_PROBLEM TO SOLVE:_
Copying rule for the data below: take the line containing "What do u think" and every line after it to the end, exactly, and drop all pictures.

_DATASET CONTENT:_
-- Opening Marker --
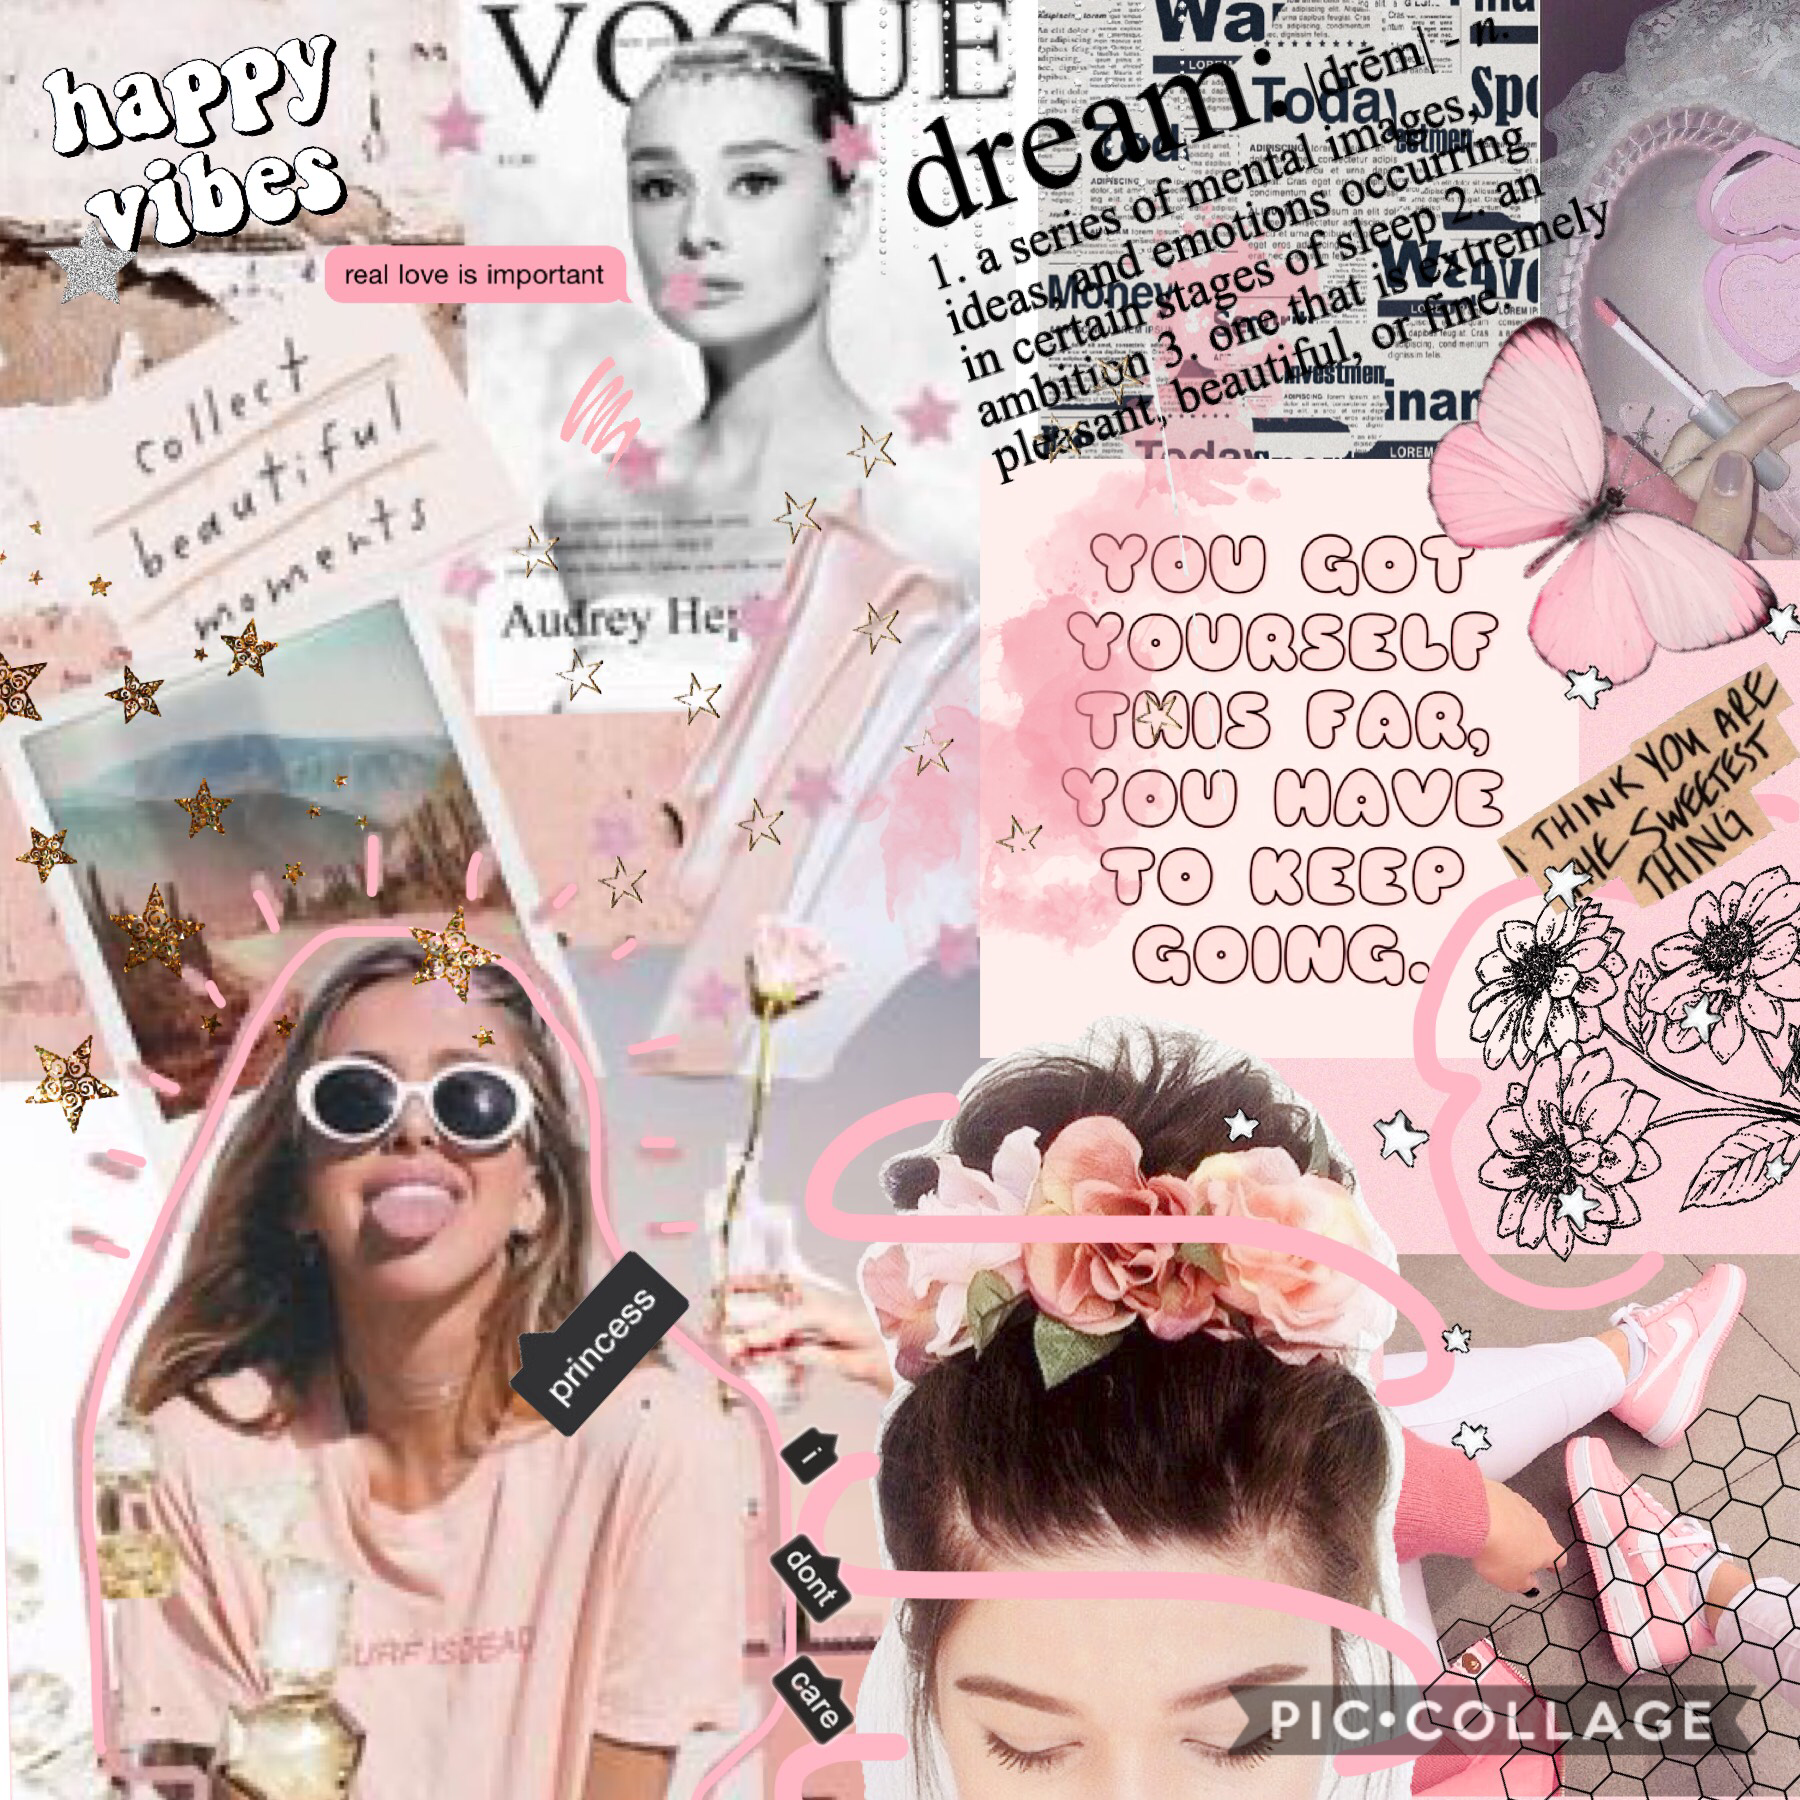 💗🌺🌸PINK🌸🌺💗
No text in this collage 
What do u think
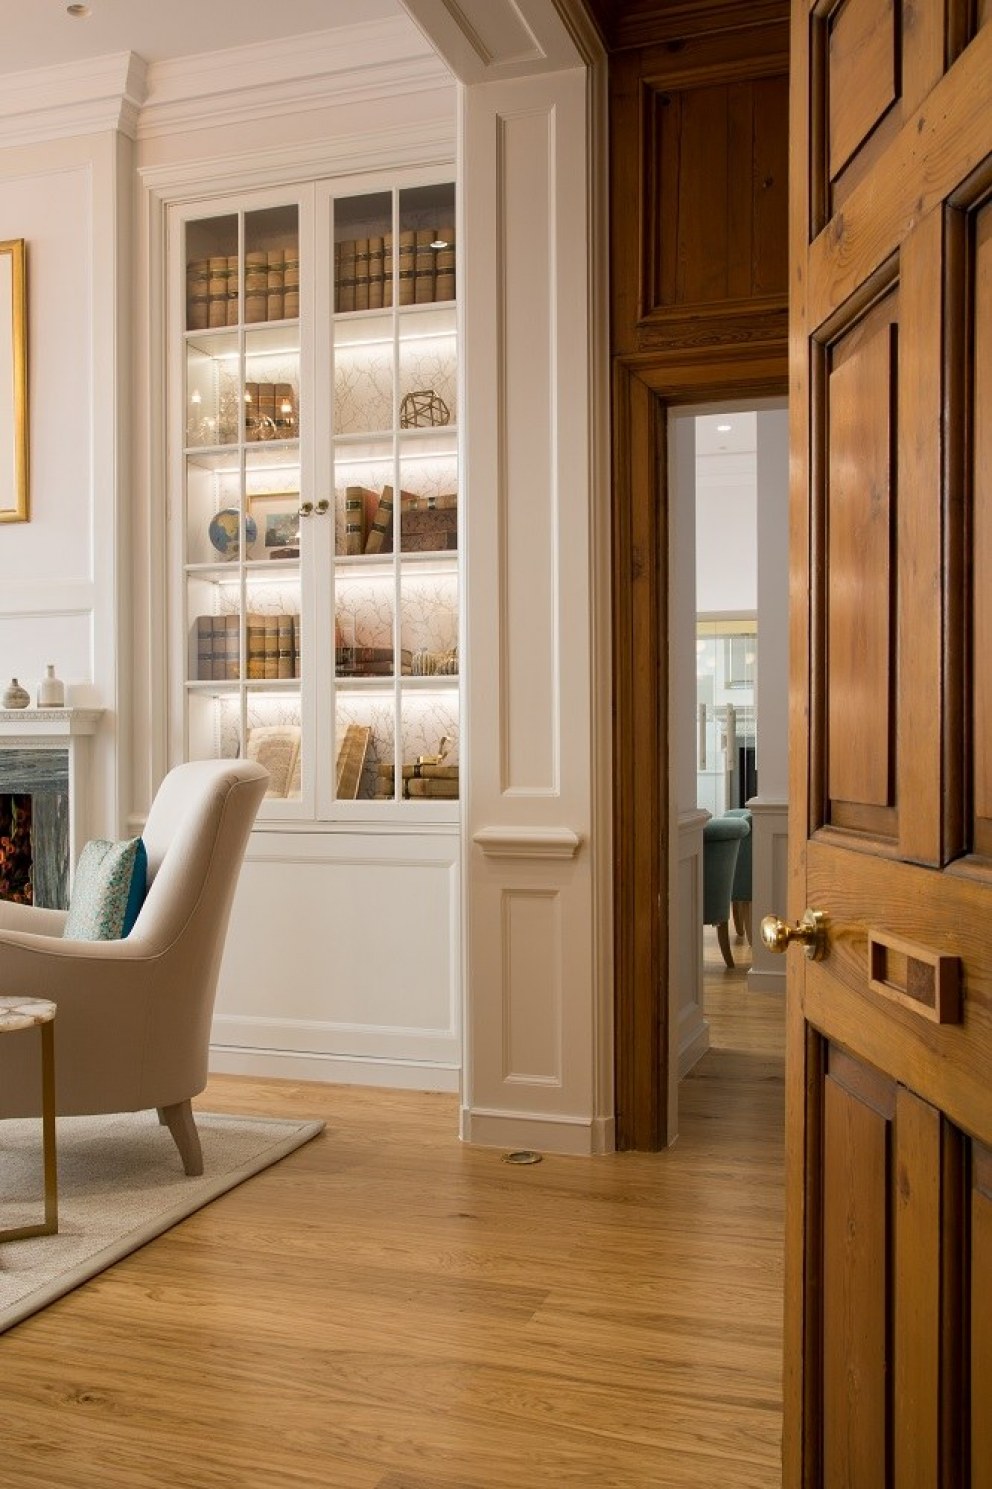 Barristers' Chambers Reception & Waiting Room | Waiting Room 5 | Interior Designers
-- Closing Marker --
_WRITTEN SOLUTION:_
What do u think
 Barristers' Chambers Reception & Waiting Room | Waiting Room 5 | Interior Designers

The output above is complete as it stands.